One of the things I love about living here is that I’m always stumbling on something incredibly cool, be it a tiny Inari Shrine in my neighborhood or a huge temple complex on a busy commercial street that’s not mentioned in any guidebook.

I was dimly aware of the existence of the Chinzan-so Garden, but only as a part of the Four Seasons Hotel grounds I’d read about years ago.  The hotel is no longer a Four Seasons – though still five-star – and much to my surprise, it turns out to be easy walking distance of my apartment.  I actually stumbled upon it while looking for info about a ramen place I’d discovered on a shoutengai (which I was likewise unaware of) near my house during a late-night stroll.
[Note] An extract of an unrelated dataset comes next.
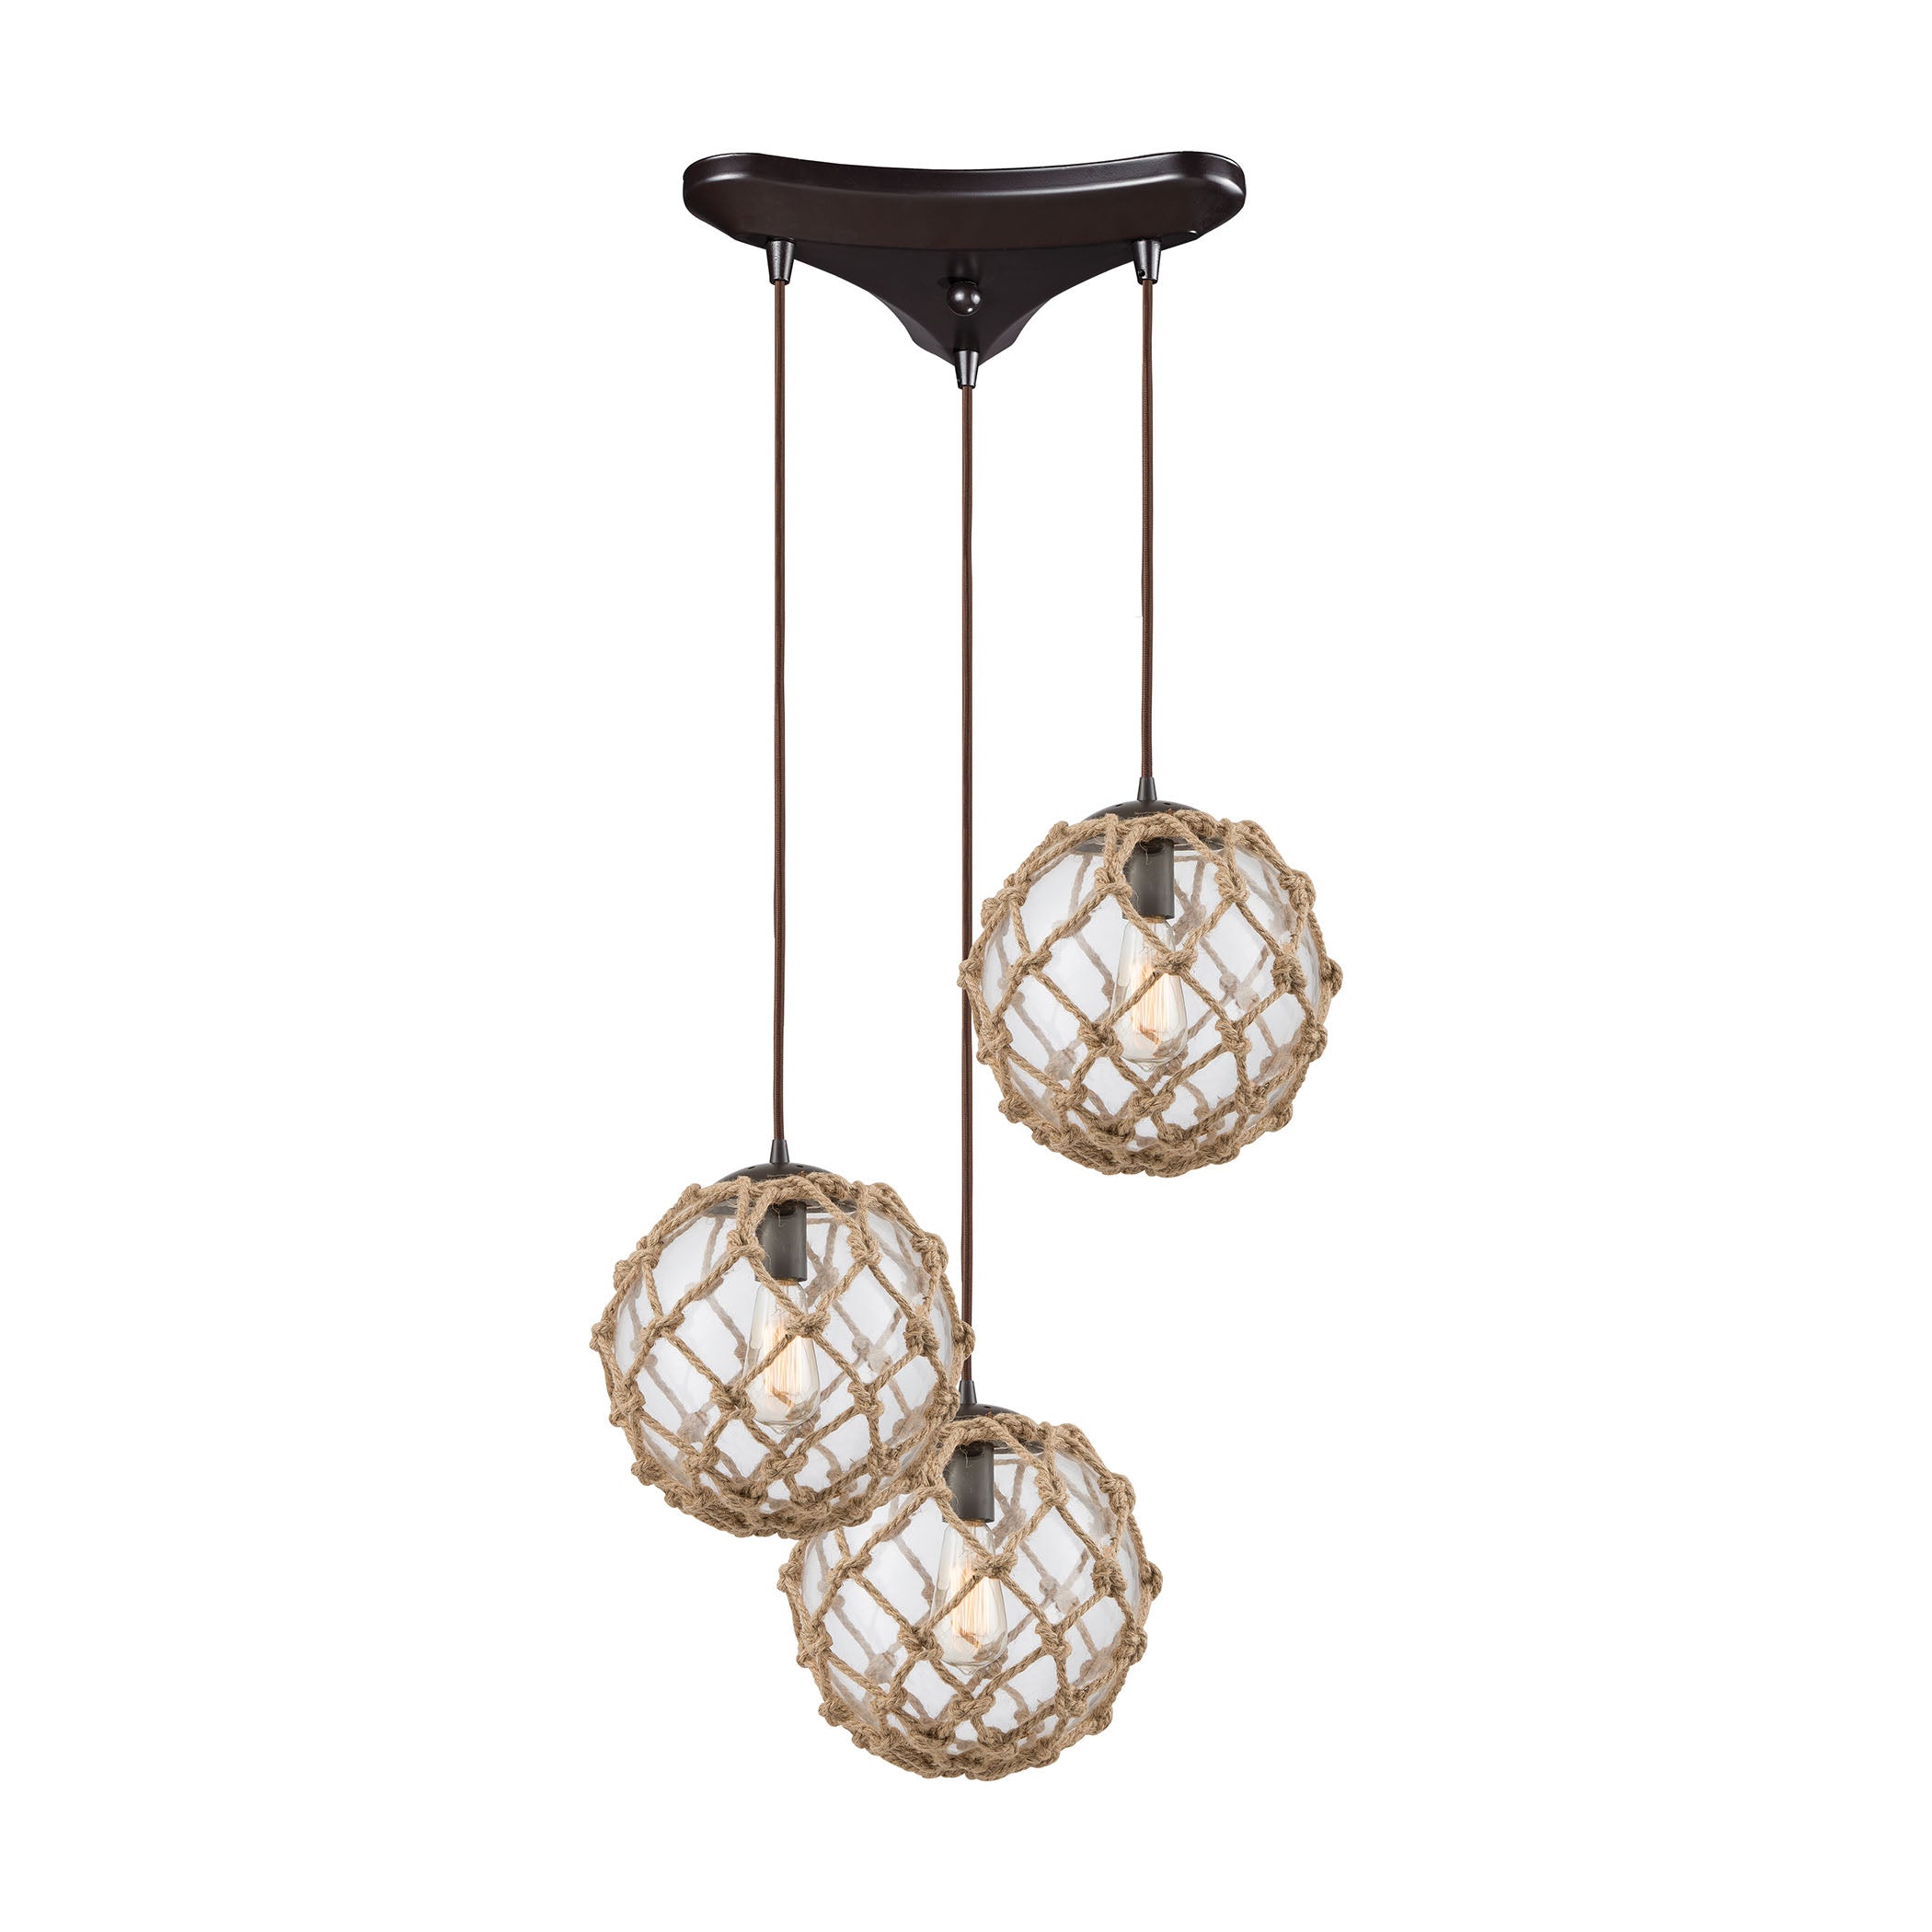 ELK Lighting 10715/3 Coastal Inlet 3-Light Triangular Pendant Fixture in Oiled Bronze with Rope and Clear Glass

The ramen turned out to be excellent, though the place was so packed I had to hit it on the way back from the Chinzan-so – but it was the garden that was the headline.  It was built by an Imperial Prince on his estate in the 19th-Century, but there’s much more to it.  Among the treasures he and the next owner, another Daimyo,  moved there are a 9th-Century 3-storied pagoda, a 12th-Century lantern and numerous 17th-Century Rakan and “Seven Lucky Gods” statues.  There’s also a small Inari Shrine relocated from the famous Shimogamo Shrine in Kyoto – a Shrine I visited earlier this month and is better known among anime fans than ever for its role in The Tatami Galaxy.  There’s also a splendid waterfall which includes a tunnel behind it (it was hard to resist jumping in on a day like today, where the temp was 35 degrees Celsius) and a stream which purports to have a huge firefly population (they’re sadly becoming rarer every year in Japan and America both) in early summer.

As for the hotel itself, it’s pretty much what you’d expect from one that was good enough for Four Seasons.  Exquisite, a classic blend of Western and Japanese style, and the sort of place I suspect I will only ever see as a day tripper.  Fortunately, the garden is open to the public at no charge.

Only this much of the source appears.